Con cada ataque convertido ya en un sufrimiento, el Iberostar, sin embargo, fue incapaz de darle continuidad a la ventaja labrada en los minutos iniciales. Principalmente porque a cada acción positiva –a cuentagotas– de los aurinegros, respondían los santiagueses. Y prácticamente siempre desde el perímetro, toda vez que la congestión dentro de las zonas (por las recuperaciones defensivas de los locales, y por los centímetros de los foráneos) era máxima. De nada sirvieron las intentonas de Sekulic por hundir bajo la canasta un par de veces a Triguero, toda vez que el aro se empeñó en escupir sendas bolas que ya parecían estar dentro. Con el recurso del perímetro casi como única vía de escape el conjunto tinerfeño amagó con una miniescapada con los triples de White y Hanley (15-10), pero el Obra respondió también desde el 6,75 con Caloiaro, y Vasileiadis (20-19, 12´), que lejos de la forma que le llevó a brillar hace poco en la ACB, conserva una mano decisiva en situaciones tan atascadas como la de ayer.

En parte incómodo ante el baloncesto de correa corta que había sobre la pista, y también como frustrado por no ver recompensado todo el esfuerzo realizado en los minutos anteriores, el Iberostar pareció entrar en colapso, y estuvo cinco minutos sin ver aro. Medio cuarto que en una situación normal hubiera supuesto un momento crítico, pero que en medio del fango (y también de la solidez aurinegra en su rebote) solo supuso un 0-7 (20-23). Insatisfecho por lo que veía en pista, Vidorreta cambió casi de golpe a todo su quinteto. Revolución que dio sus frutos y que estuvo liderada por Gagic, cuyo juego aguerrido venía como anillo al dedo a un partido trabado como el de ayer. Entre un par de faltas provocadas, otros dos rebotes que no dejó escapar bajo su aro y una asistencia a Jones, el serbio fue el responsable principal para invertir el signo del marcador (28-25). Pecata minuta para 20 minutos tácticamente para olvidar.

Más bien poco pareció cambiar el esperpéntico panorama baloncestístico en los compases iniciales de la segunda mitad. Pérdidas absurdas, tiros liberados errados, y desajustes defensivos que permitieron tirar cómodo a Bandzius, parecieron castigar al Iberostar (28-28), que en medio de otro trance logró sacar rédito, por fin, a su eficacia para cerrar su propio aro. Y es que los laguneros empezaron a correr como no lo habían hecho antes. Bien en contragolpes sin oposición (Richotti y mate de Gagic), o aún con la defensa santiaguesa a medio colocar (dos triples de San Miguel), el conjunto tinerfeño dio, con un 8-0, un estirón sin precedentes en el choque (40-31, 25´).

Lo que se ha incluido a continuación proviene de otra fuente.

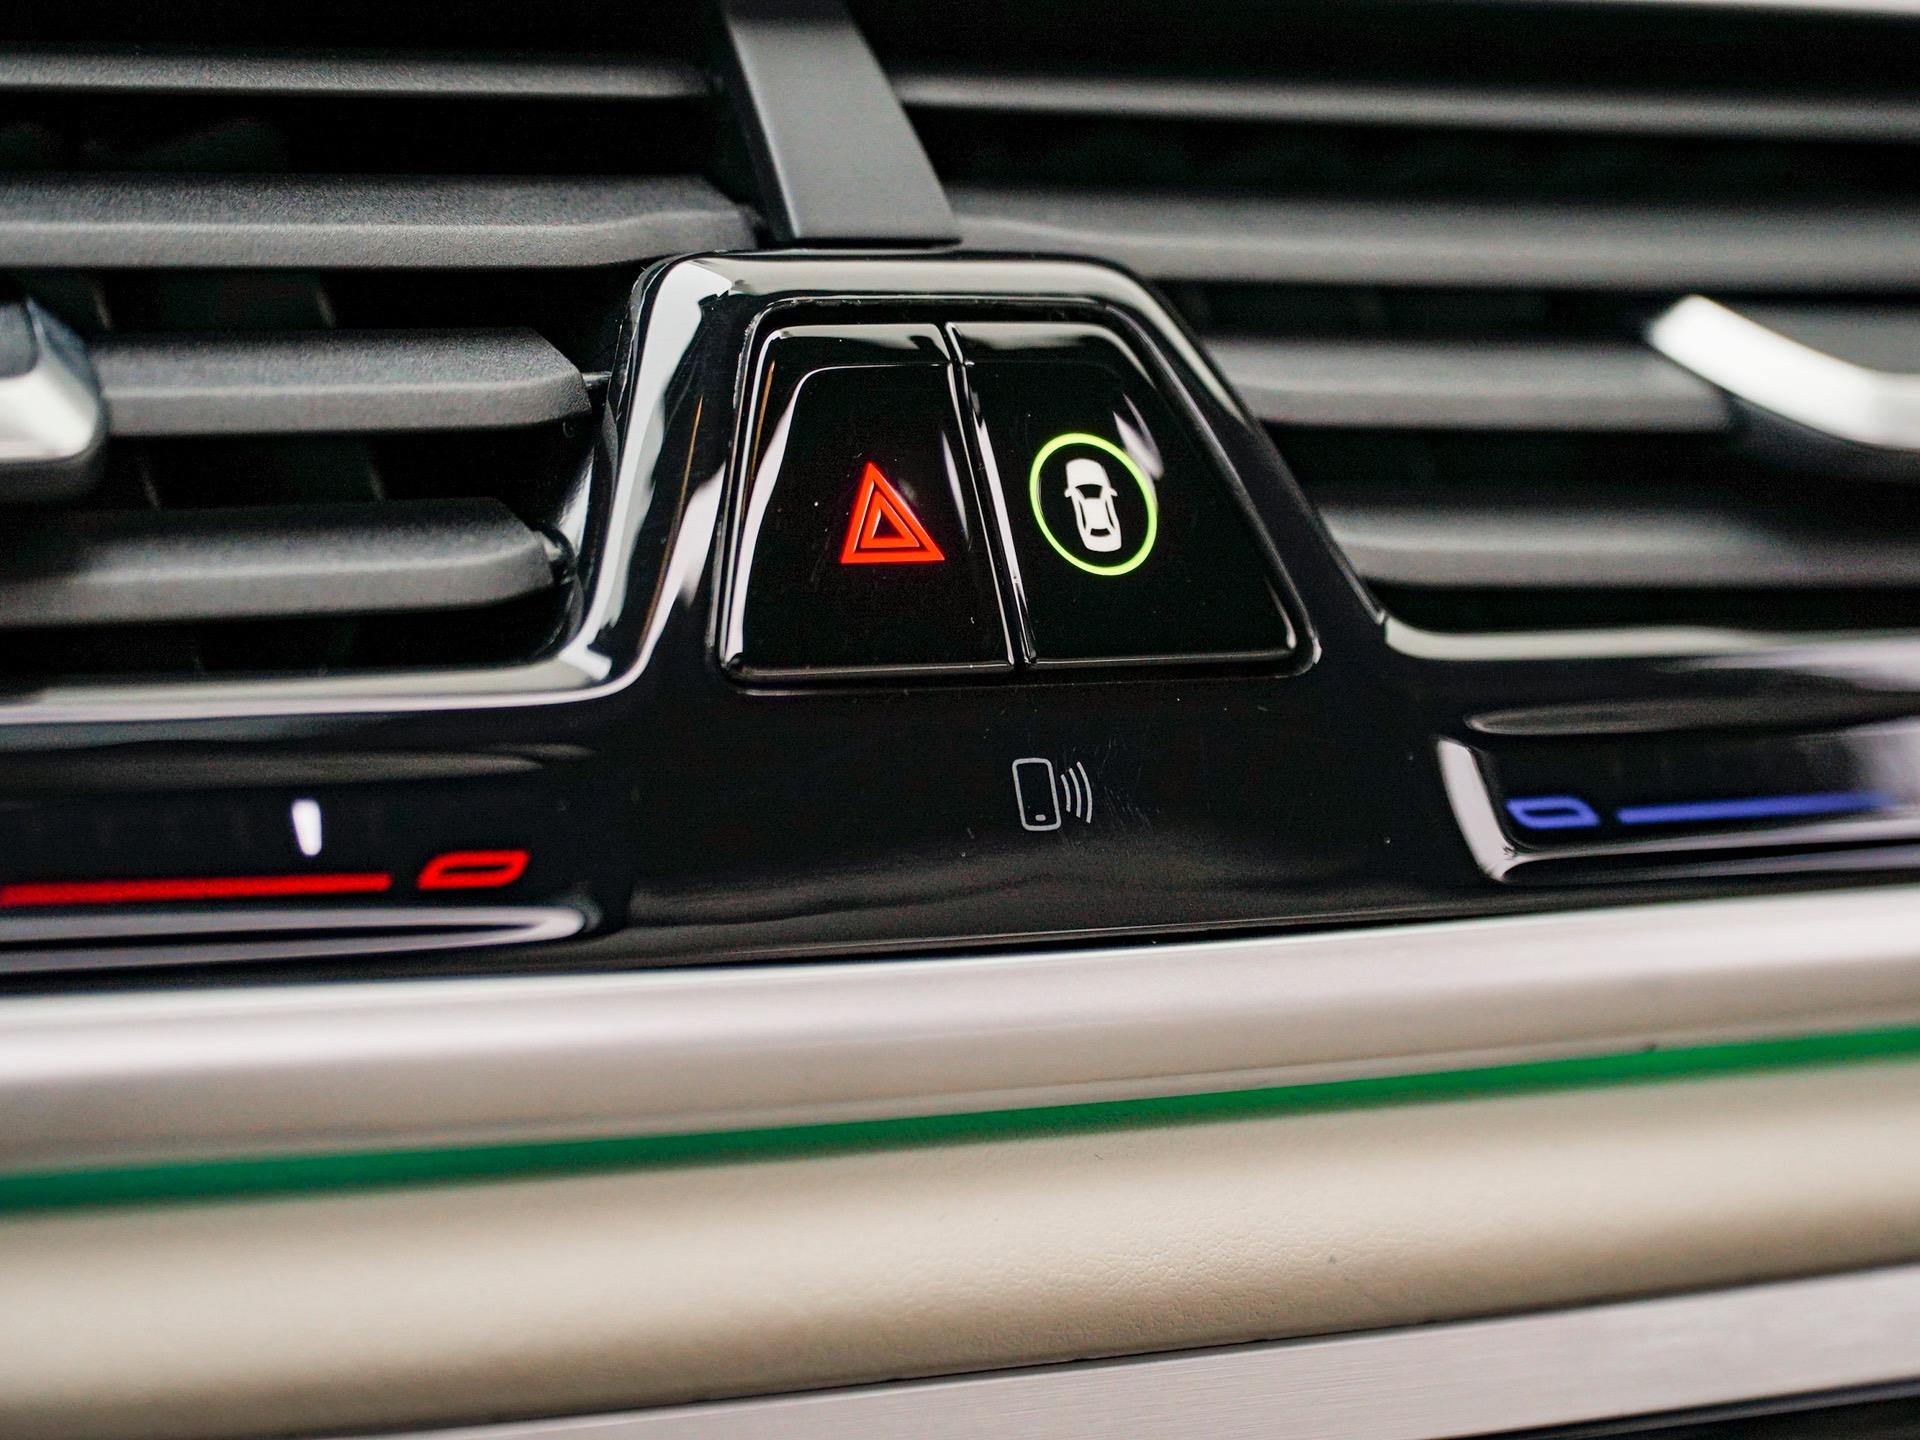 Used-2017-BMW-7-Series-ALPINA-B7-xDrive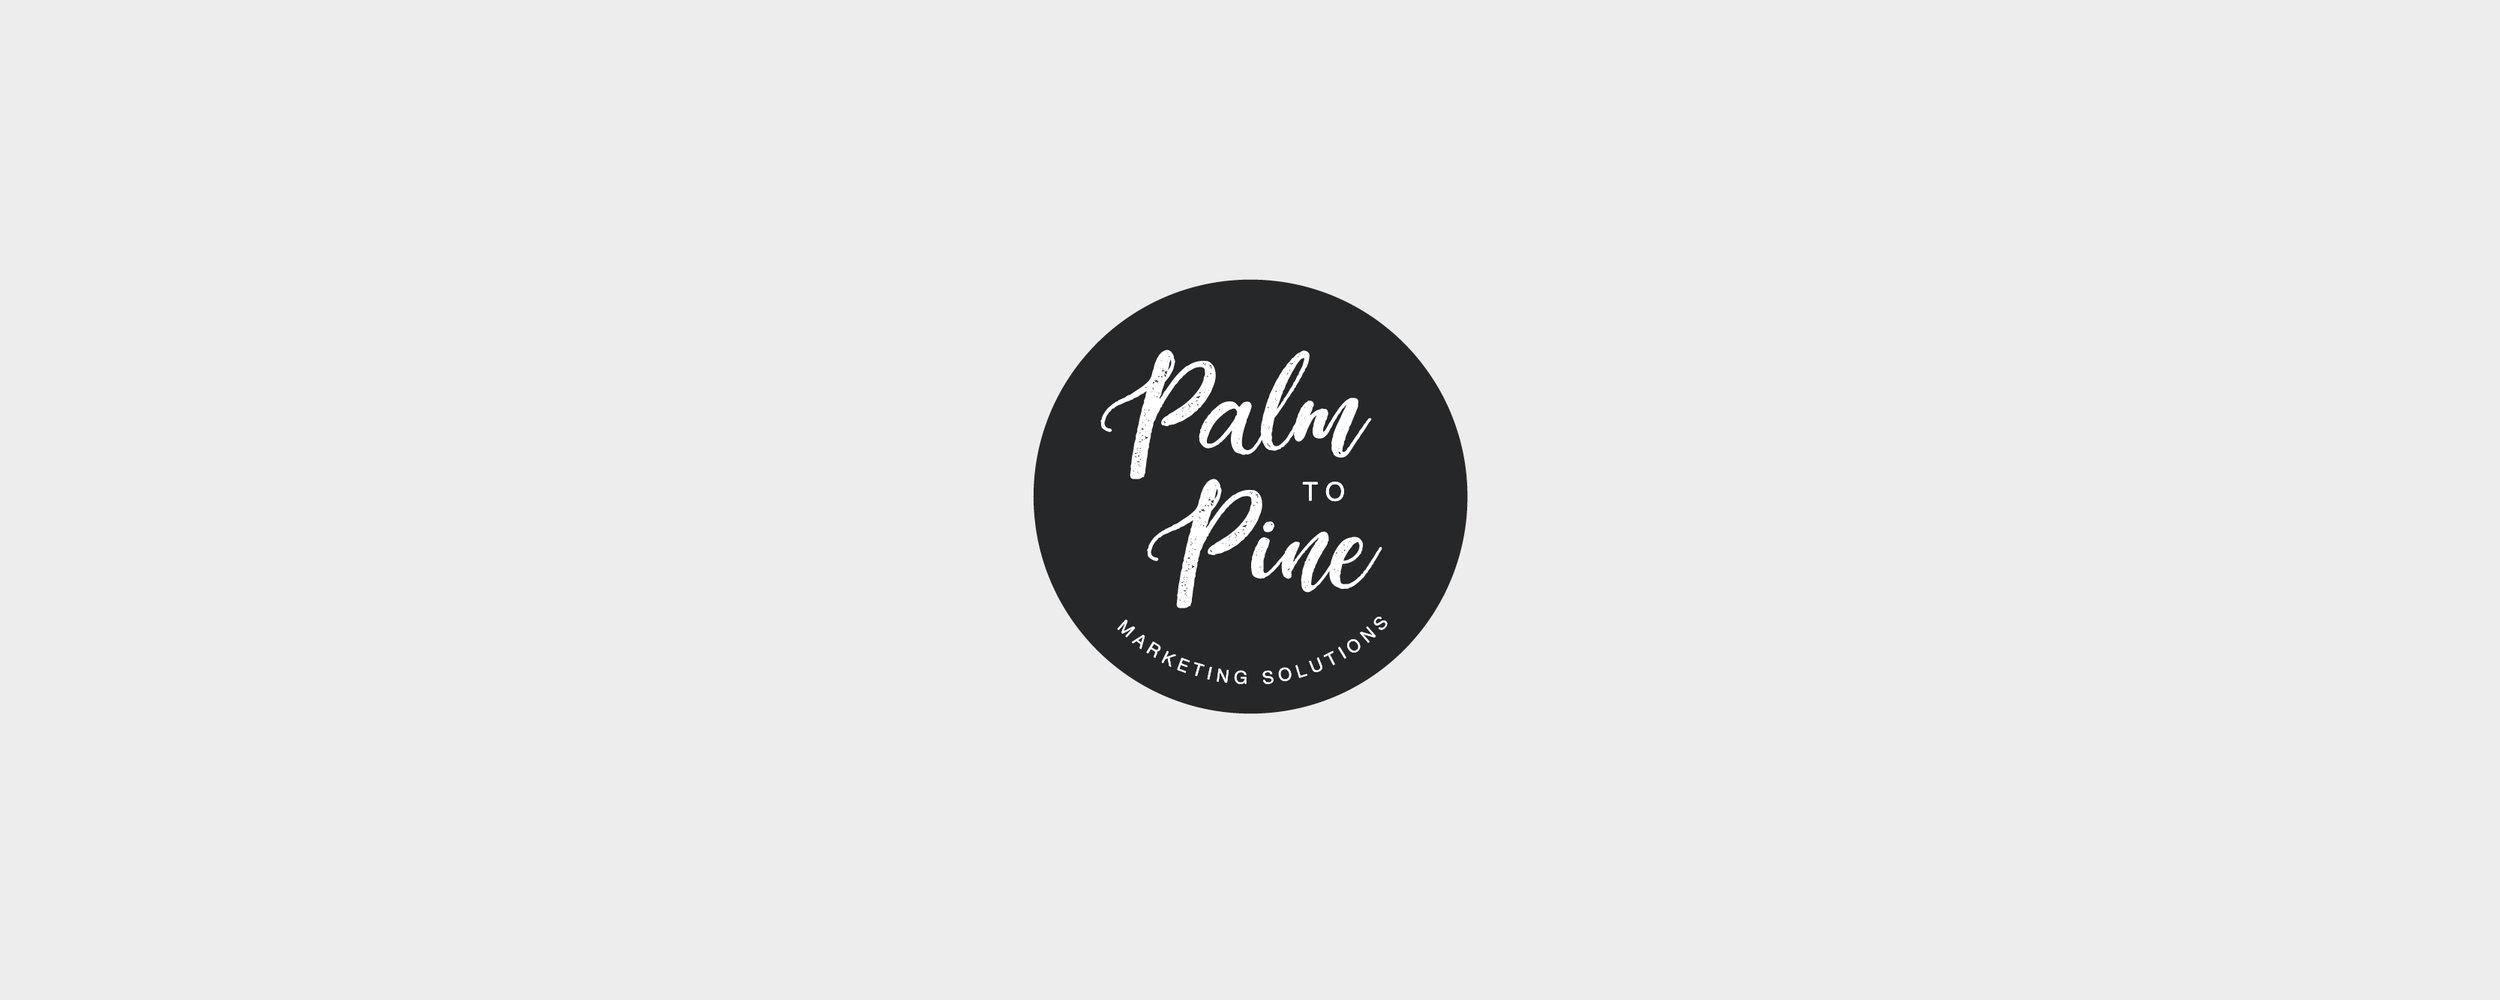 Palm to Pine_01.jpg

El Iberostar tenía en su mano romper el partido, pero entre que erró sus dos siguientes ataques, volvió a regalar alguna que otra bola y no terminó de sacar jugo de la superioridad de Sekulic en el poste bajo, no pudo. Ingredientes para que el Obradoiro, pese a un pequeño intercambio de canastas, volviera a pelear de lleno por el triunfo tras un triple de Pozas (46-43, 31´). Ahí, lejos de ser presa de los nervios por ver, nuevamente, como todo su trabajo previo se le iba por la borda, el cuadro lagunero mantuvo la calma, apretó los dientes detrás y recurrió al colectivo para sumar delante. Así, entre sendas penetraciones de Nico y San Miguel, un triple a la carrera a Abromaitis y un balón que atinó a levantar, a trancas y barrancas, Gagic, obró un 9-0 que, ahora sí, dejaba el duelo casi visto para sentencia (55-43, 34´).

Estocada definitiva para un Obradoiro que parecía ya entregado y resignado a dejar para el domingo en Andorra los deberes de la salvación matemática. Minutos que prácticamente sobraron, especialmente para Richotti, que acabó lesionado –puede que de gravedad– en su hombro derecho. Momentos ya residuales que aprovechó a la perfección Abromaitis para reencontrarse consigo mismo tras una puesta en escena para olvidar y terminar de sentenciar, con 15 puntos en el último cuarto, un duelo que, a expensas de la visita en tres días del Bilbao, deja un buen sabor de boca en la grada y, lo más importante, mantiene vivo el sueño de acabar entre los ocho primeros. Que el despertador del play off no suene todavía.